Because obscurity is far more damaging than not making money on one idea. Because programmers may not be living in a vacuum of living in a coding box, their own source of income may be covering their needs. Because free from price allows you to be free from support and free from obligations. Because payments mean you accept a certain liability as a provider of a service or product. There are more arguments in favour of not charging for software if your primary motivation is not to be rich.

Finally, because money, whilst a great incentive, is also a poor motivator.

3
votes

I've "released" (well uploaded to my website) a couple of desktop applications for free because I didn't think anyone would be prepared to pay for them.

They're very small applications and I couldn't justify charging more than £10 or so for them anyway. I didn't expect to get many users (I know I have at least one) so it didn't seem worth setting up the PayPal integration on my website to collect payments.

If I ever write something larger that I think will have a market then I will look harder and longer at getting payment for it.

3
votes

I shared my application for free.

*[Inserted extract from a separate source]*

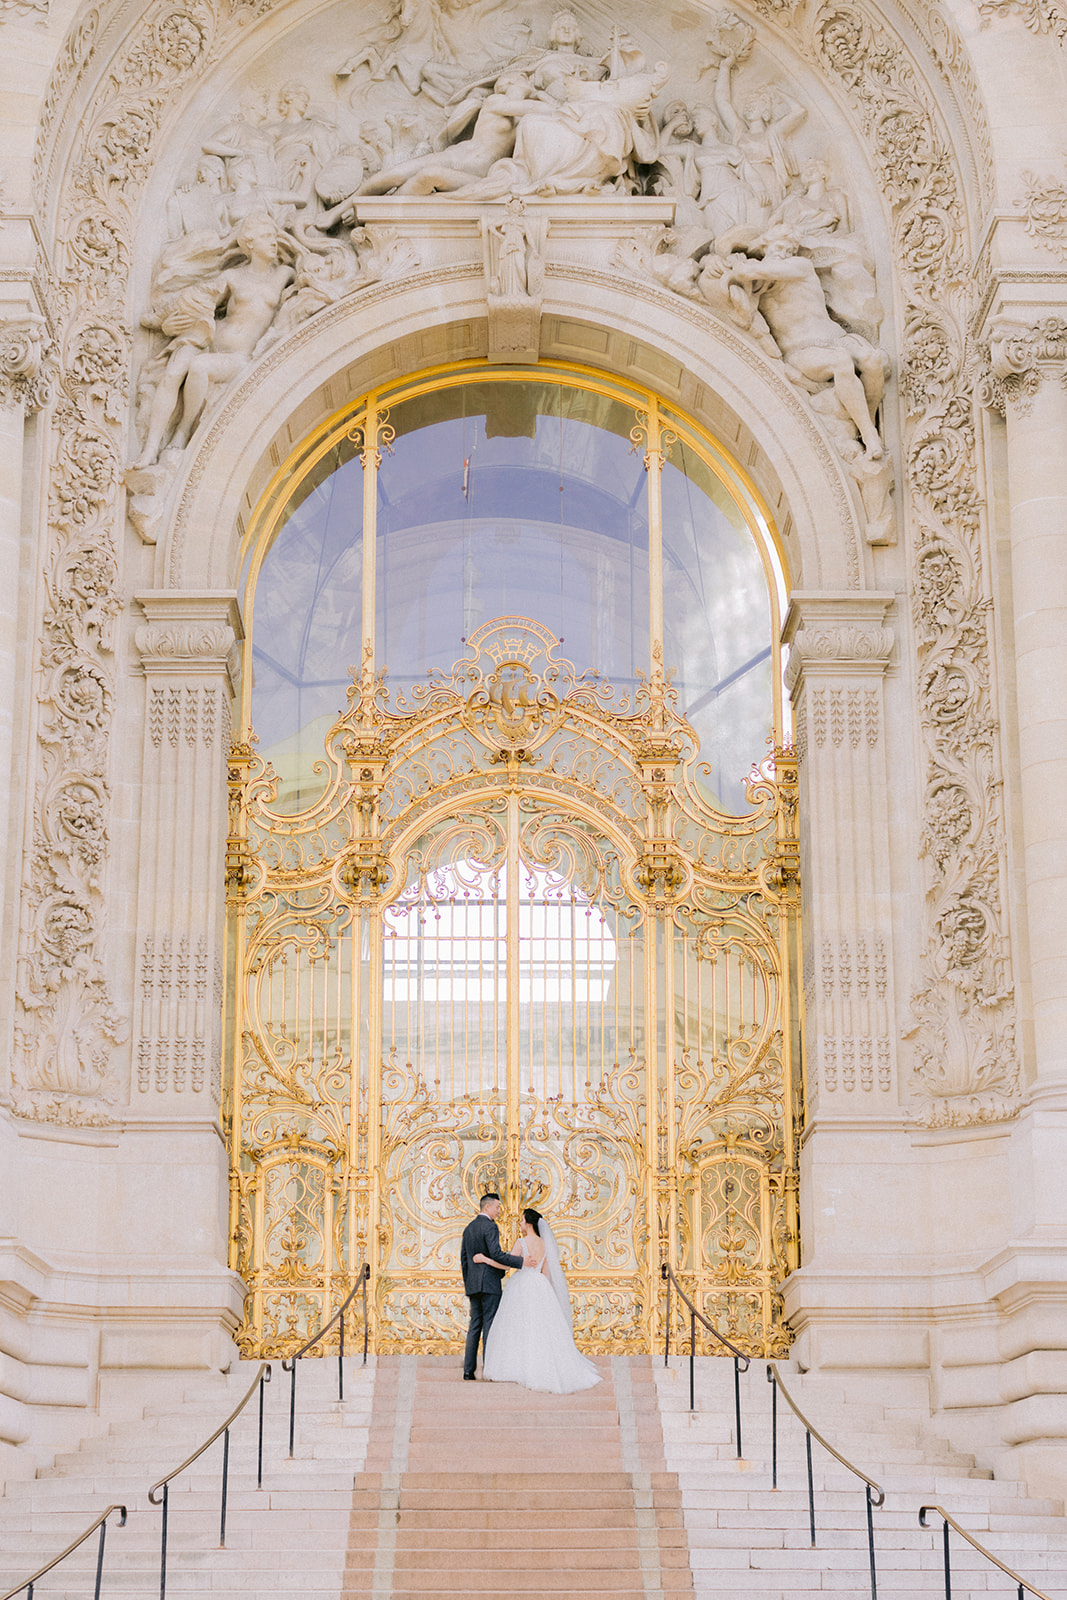 Couple celebrating their love in front of grand golden door in Paris

In fact, it helped my potential customers to see how it is working and they contacted me with a proposal of buying and with some additional features to implement. Free distribution of software helped my customers to see how much beneficial it is for them.

3
votes

I write code because I enjoy writing code. Not because I want to be rich, or because I want to change the world, or anything like that. I enjoy writing code, and I like it when people get to benefit from this fact. Why should I charge them lots of money for that?

I also get to benefit from lots of people who feel the same way, and it's a way of giving back to them. I get to use Linux, and Firefox, and .... for free every day, so if I can do something that somehow benefits others then why not?

1
  • “I've been rich and I've been poor. Believe me, rich is better.” -Mae West
    – Ken
    Sep 14, 2010 at 17:12
3
votes

Because good software tools need some time to develop.

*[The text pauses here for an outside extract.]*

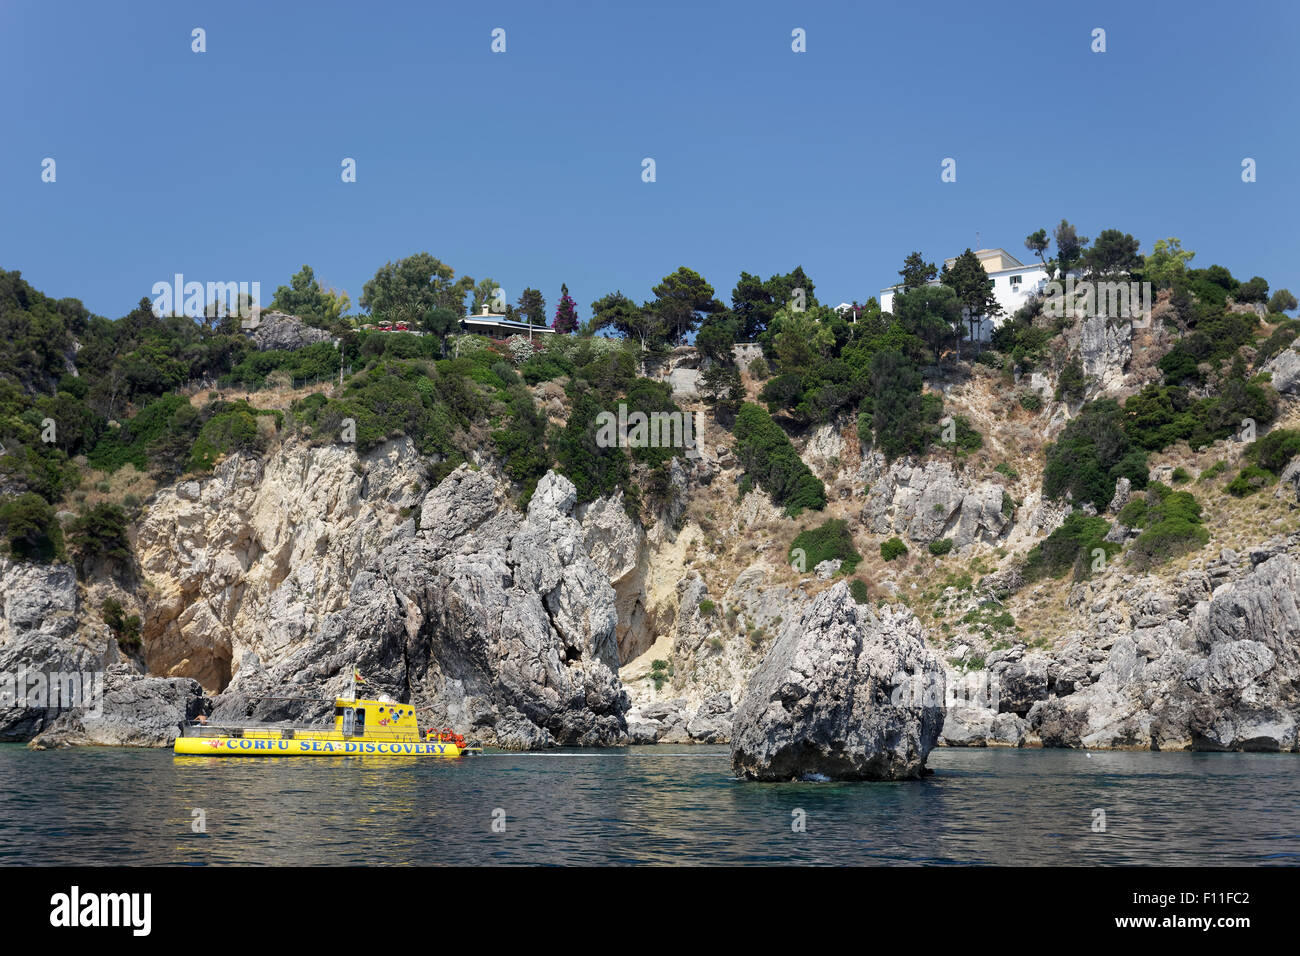 Falaises et un bateau à fond de verre, monastère de Panagia Theotokos tis Paleokastritsas ci-dessus, sur les roches, Paleokastrista, île de Corfou Banque D'Images

So you start your project and are aware that no one would pay for it, as it is.

But if you give it away for free people might start using it, provide feedback and free testing, development ideas, etc...

Finally, if all goes well you can create a non-free version and sell it.

3
votes

The free software movement insures, basically, innovation on it's most competitive scale.

Things change every day in the programming world and there needs to be a checks and balances system to make sure that everyone is up to par. Otherwise, we would be stuck with a lot of crappy programs just because people made a "Standard"(Microsoft Anyone?).

The fact of the matter is that YOU don't feel like you have the time or the resources to keep up with a free competitor. You have this complaint because it actually forces you to work to MAKE YOUR PROGRAM WORTH THE MONEY. You have to innovate and improve your program(Insert Takei "OH MY!").

Sorry, your vanilla version you planned on riding on for the next five years just isn't going to cut it. You have to constantly develop. That is what it takes.

Don't be upset because you are too lazy to work to make your product decent while people who work harder than you give it up for free.

2
votes

Because I have the feeling that my knowledge can help others in improving their daily work. I also think that public projects increase your visibility across the globe and companies will be interested in you and possibly want to hire you. The latter of course requires that your code base is good and the project becomes popular.

2
votes

People are less willing to pay for virtual stuff like programs, plus, there are many other free programs, so your commercial program, even for 1 cent, won't sell. Also, programs can be copied easily.

"money is the human word for quatloos", that's why some programmers avoid it.